In 2007, Puccini’s posted $10.4 million in revenue, and this year is on track to hit $11.7 million. Those figures place it in the top tier of independent chains nationally, with only a handful of operations (most with far more stores) posting richer figures.

That revenue stream allows the company to grow on its own terms, financing new stores with its own funds. There now are 13 locations: six in the Indianapolis area; two in Bloomington; one in West Lafayette; three in Lexington, Ky.; one in Louisville.

Because of a conflict with a Bloomington eatery that calls itself Puccini’s, Main’s restaurants there are called Bucetto’s Smiling Teeth.

Slow and steady

The company plans to continue its goslow approach to growth.
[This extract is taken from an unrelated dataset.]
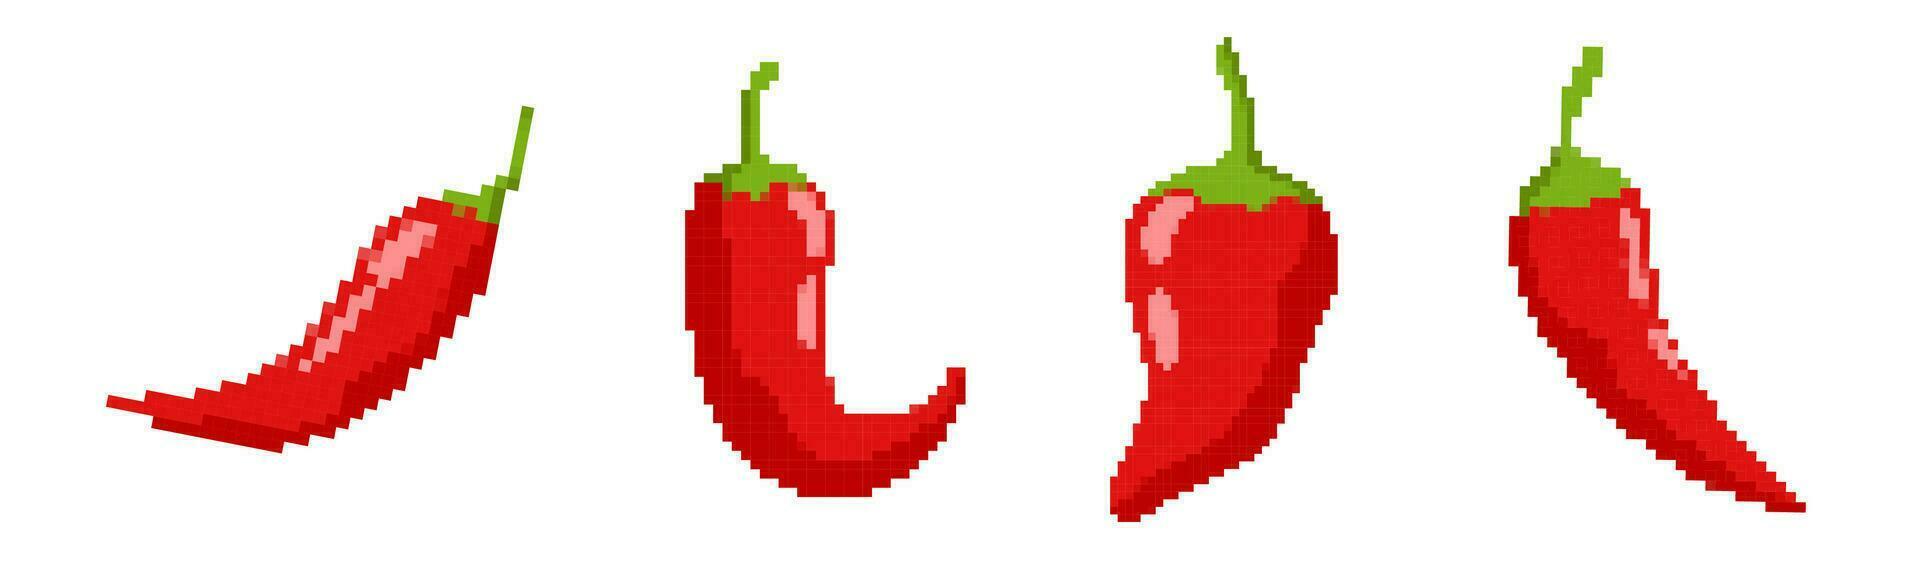 Pixel art hot chili pepper. 8 bit chile spicy paper vector
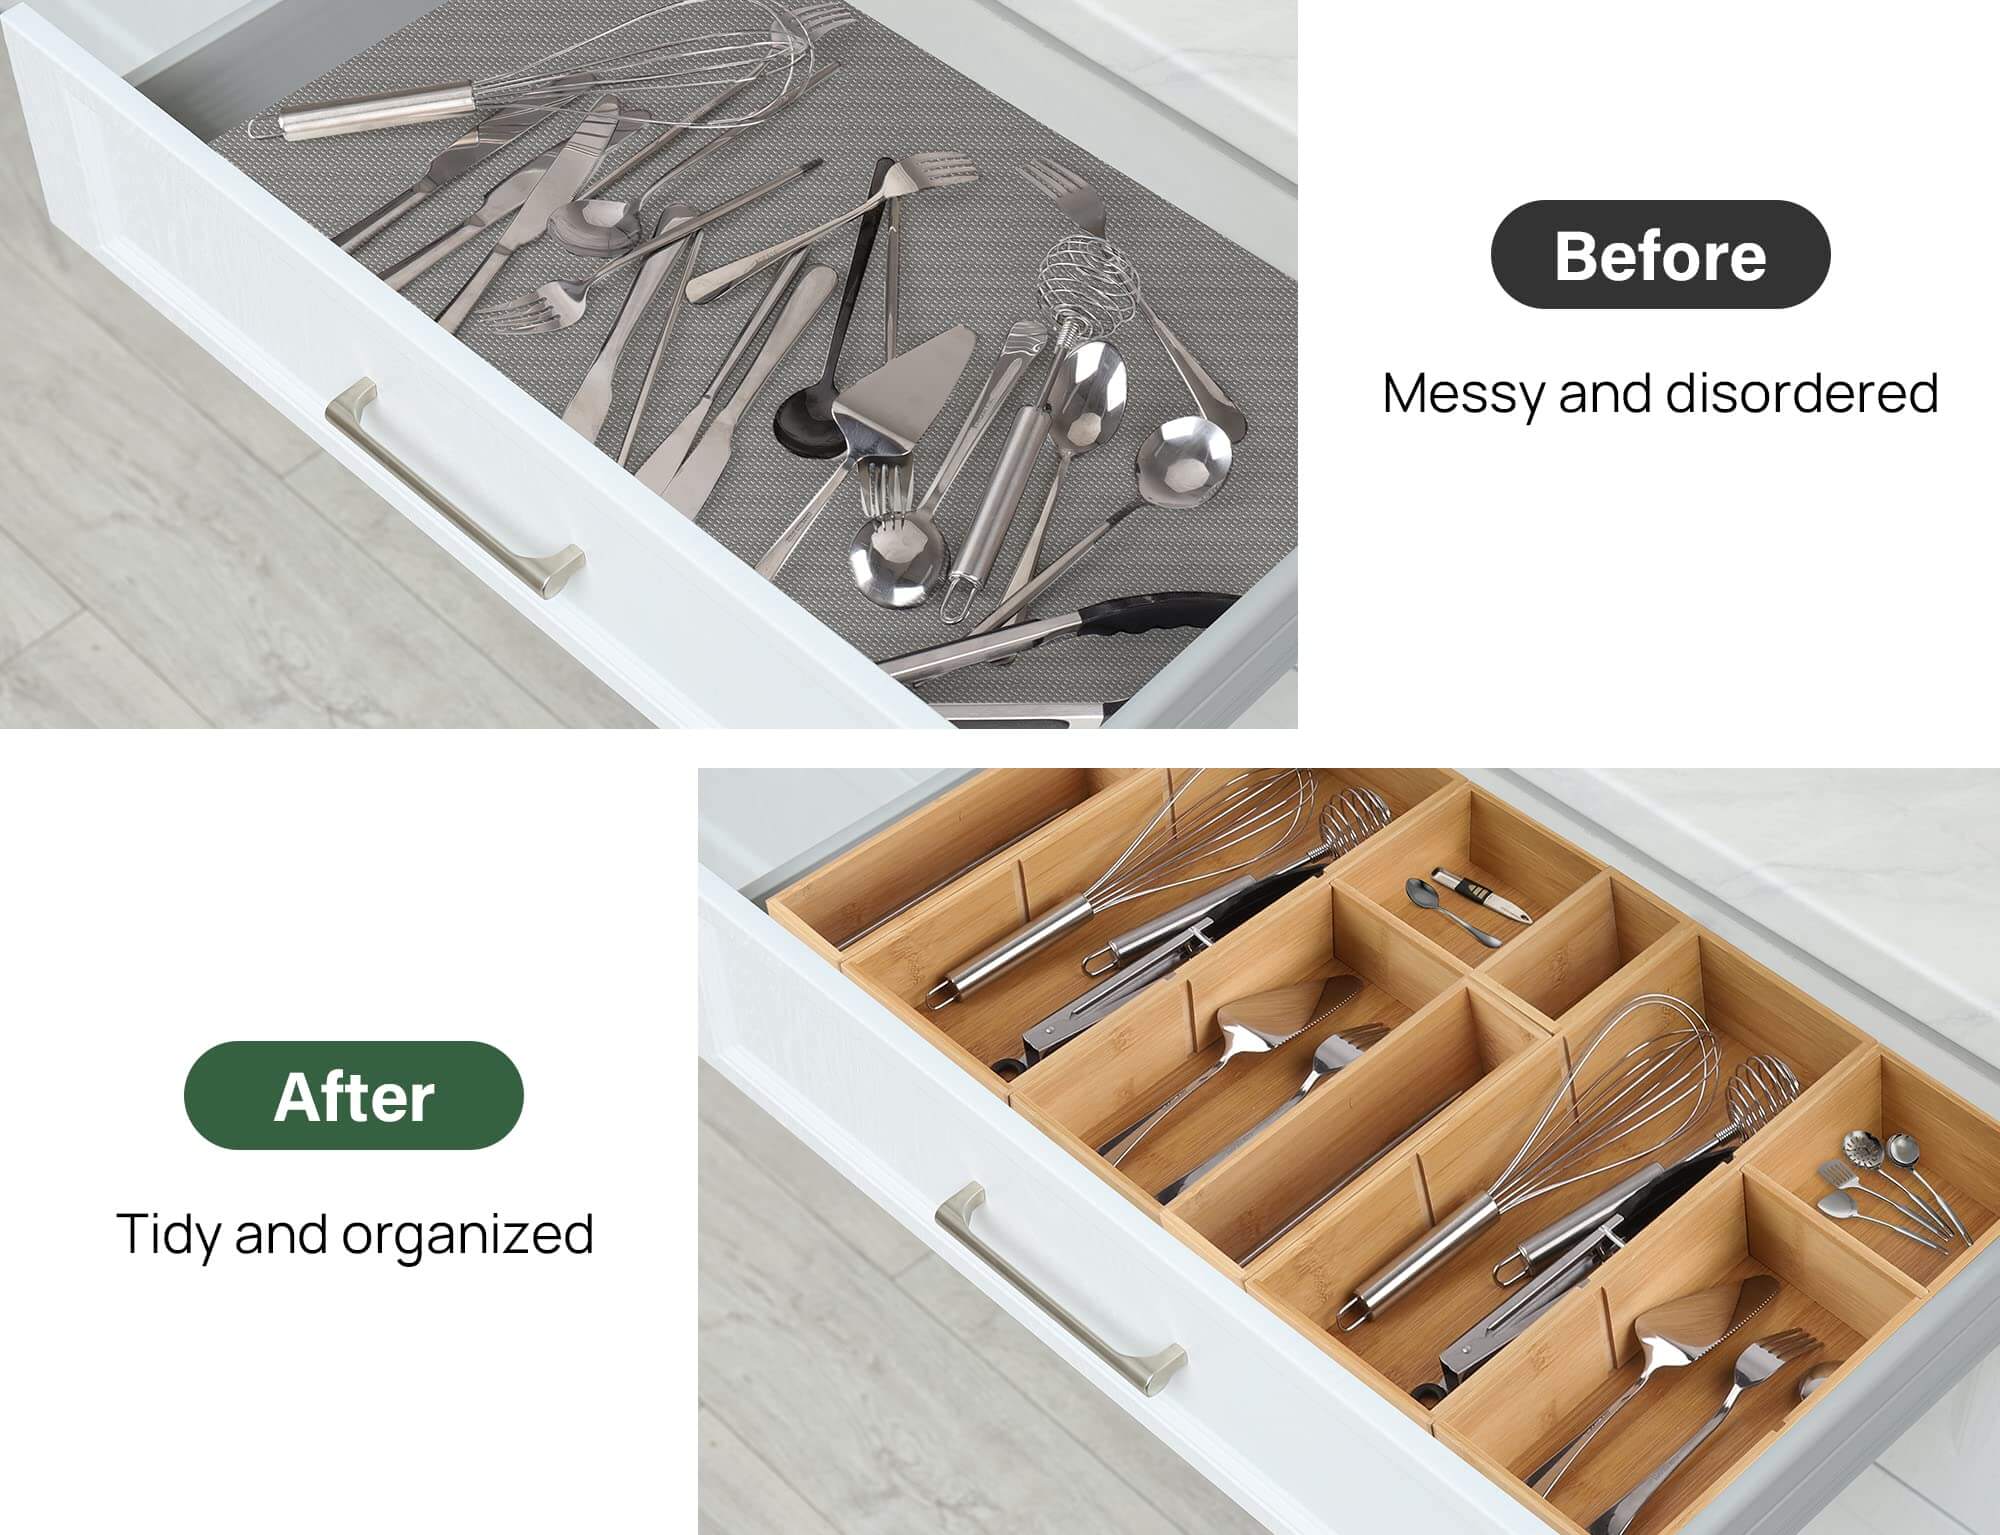 Kootek 6 Pcs Bamboo Drawer Organizer Utensil Tray Kitchen Storage Box 3-Size Versatile Dividers Cutlery Holders Bins Containers for Flatware Kitchen Utensils

“Over the next three years, I expect to add two more stores in Louisville and add one, probably two stores in Indianapolis,” Main said. “In the near term, that’s about all I’ve got.”

He could grow much faster through franchising, but Puccini’s isn’t interested. Main admits he looked into the concept, but the potential legal and organizational hassles, coupled with fears that food quality would suffer, turned him away. Plus, he’s watched too many franchising attempts collapse when the people behind them worried more about financing than food and proper staffing.

“The idea that you’re going to have all these units is a bill of goods that franchisers sell to franchisees, so that they think this is an easy thing to do,” Main said. “But once you’ve been in this, and you realize how many good people you need to actually deliver a quality product every single day, it’s no joke.”

He reckons he needs about 28 of those good people to staff each of his locations. Those employees have to execute a complicated, rather lengthy menu of scratchmade entrees, from signature pizzas like Shrimp Santori and BLT to calzones to chicken marsala. Getting those items to taste the same in Bloomington, Lexington and Indianapolis is a headache.

“I’ve tasted things in our restaurants before and said, ‘What is this? What have you done here?'” Main said. “And someone will look at me earnestly and say, ‘Well I just like it with a little more of this.’ You just have to say, ‘That’s nice. When you open your own restaurant, you can do that. But for now, follow the recipe.'”

In spite of this, the company has been successful at retaining key employees. Main attributes it to a special company perk: If you do your job well, you don’t get hassled.

“Some people [in the restaurant business] believe in riding you. We don’t,” he said.

“If you are doing what you’re supposed to be doing, and that enables you between lunch and dinner to sit down and do a crossword puzzle and drink coffee and call your wife, then bless your heart. I’m happy for you.”

Harder times ahead?

But there’s always the risk that hardpressed customers will stop coming in, or come in less often.

When he wants to raise his blood pressure, Main contemplates how the use of credit cards has expanded during his years in the business, a sign customers could be overextending themselves. In the early days, less than 20 percent of customers used credit; today, it’s 85 percent.

Main may be positioned to weather a tough economy better than he realizes, an industry expert said.

Pizza is by far the toughest, most overpopulated restaurant category, but it’s also the most recession-proof, said Steve Delaney, former owner of seven Noble Roman’s locations who now is a principal in Sitehawk Retail Real Estate.

“In tough times people trade down, and pizza becomes more popular,” he said.

He said the trick is to set yourself apart.

“Some do it with price, by discounting,” Delaney said. “Others do it with better product.”

Main chose the latter. He also likes to keep down unnecessary expenses. For instance, Main works out of his home rather than pay for a pricy headquarters.

“I’m cheap,” he said. “I don’t believe in spending money when I don’t have to. I still don’t even have a business card.”